11 packets received by filter

 

[ForumKid]

THis is the dump for when both cards are enabled and i goto my server on port 80.
tcpdump -i eth0
Kernel filter, protocol ALL, TURBO mode (575 frames), datagram packet socket
tcpdump: listening on eth0
05:28:04.470035 < 192.168.1.2.1348 > myhost.mydomain.com.http: S 2820326073:2820326073(0) win 16384 <mss 1380,nop,nop,sackOK> (DF)
05:28:04.470035 > myhost.mydomain.com.32770 > cache03.ns.uu.net.domain: 56254+ PTR? 2.1.168.192.in-addr.arpa. (42) (DF)
05:28:04.550035 < cache03.ns.uu.net.domain > myhost.mydomain.com.32770: 56254 NXDomain 0/1/0 (108) (DF)
05:28:04.550035 > myhost.mydomain.com.32770 > cache03.ns.uu.net.domain: 56255+ PTR? 4.1.6.198.in-addr.arpa. (40) (DF)
05:28:04.630035 < cache03.ns.uu.net.domain > myhost.mydomain.com.32770: 56255 1/3/3 PTR cache03.ns.uu.net. (182) (DF)
05:28:07.410035 < 192.168.1.2.1348 > myhost.mydomain.com.http: S 2820326073:2820326073(0) win 16384 <mss 1380,nop,nop,sackOK> (DF)
05:28:13.430035 < 192.168.1.2.1348 > myhost.mydomain.com.http: S 2820326073:2820326073(0) win 16384 <mss 1380,nop,nop,sackOK> (DF)

7 packets received by filter

 

[ifincham]

Hi,

Well, firstly changing the IP/address subnet on eth0 will always give connectivity to eth1 because they are on the same box.
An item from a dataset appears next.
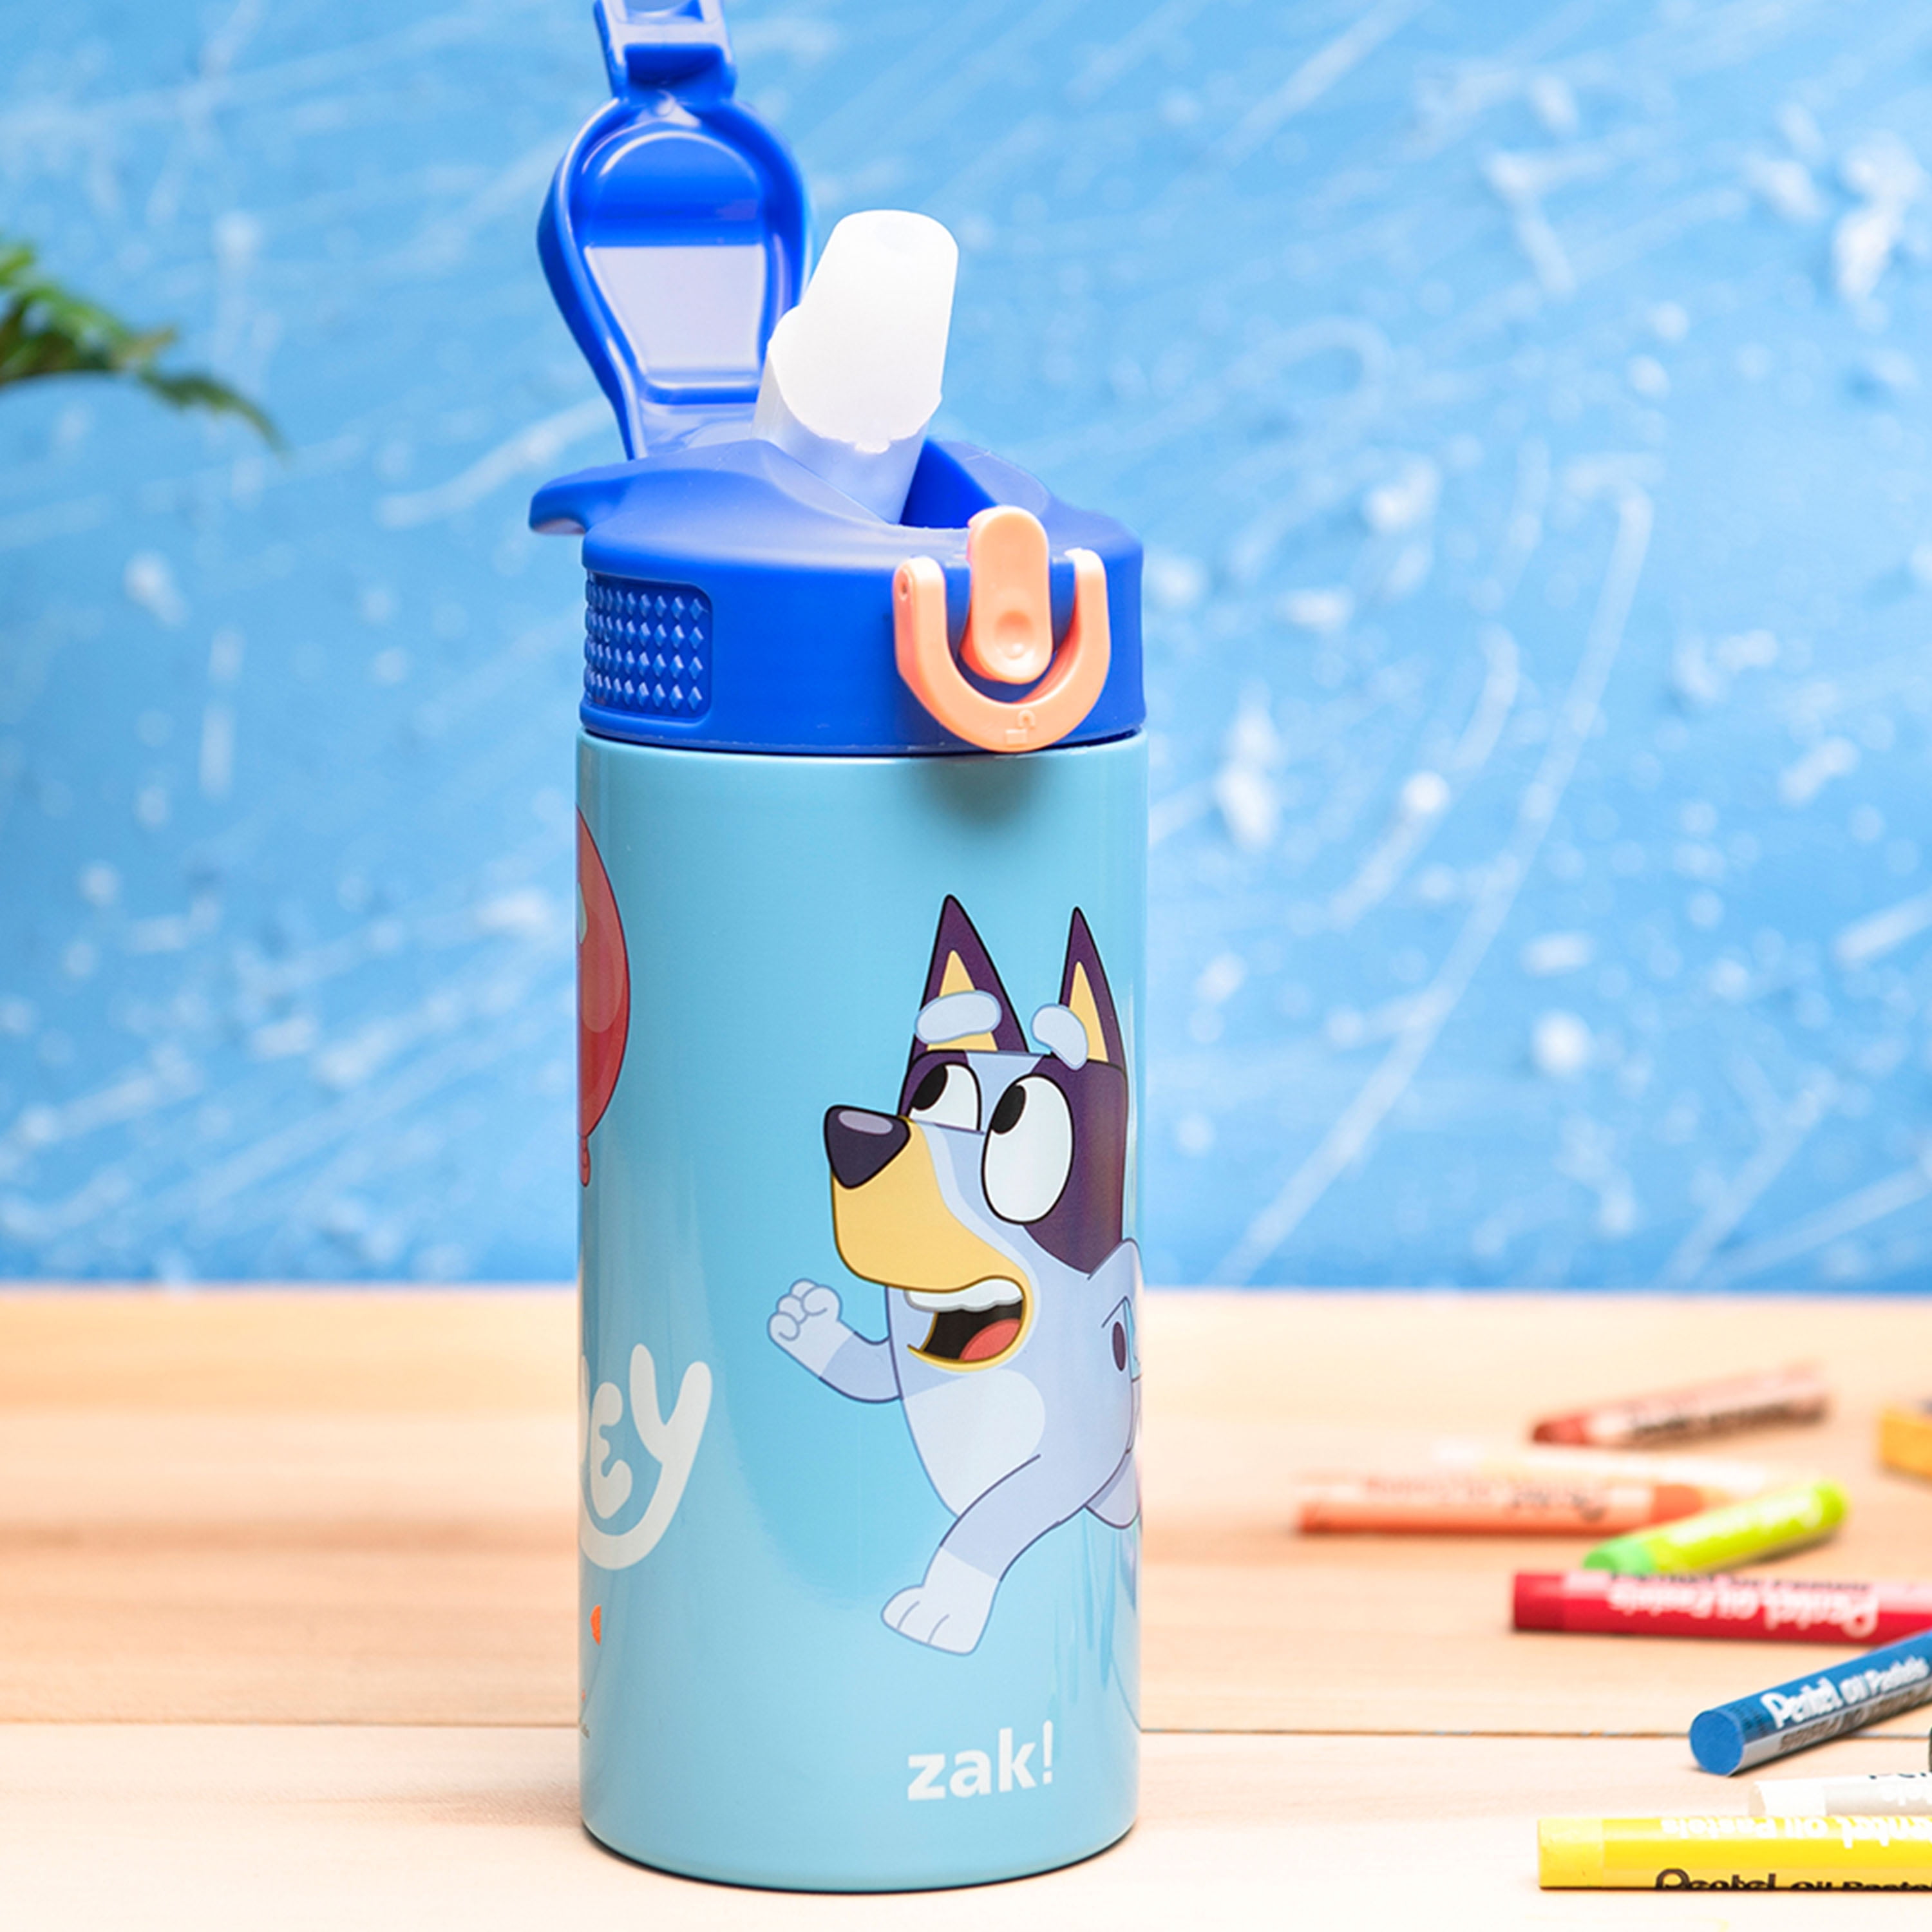 Bluey x Camp Kids’ Water Bottle - Bluey

The subnet will automatically appear in the routing table . The question is why it doesn't like the 192.168.1.0 subnet .

Does anything look strange in the routing tables ?

/sbin/route -n

Also, what happens if you disable the eth0 interface and bring up eth1 as 192.168.1.4 ?

Regards

 

[ForumKid]

I disable eth0 and just bring up eth1. I can ping eth1 but cannot access it via ssh. I get the same dump as before with eth0.

Any ideas??? I thought this should just work. I dont understand why its being so stubborn. Im not sure what else to try.

 

[ForumKid]

Routing tables look ok. Take a look up a few lines and youll see my routing tables.


whew......This ones taking me for a loop.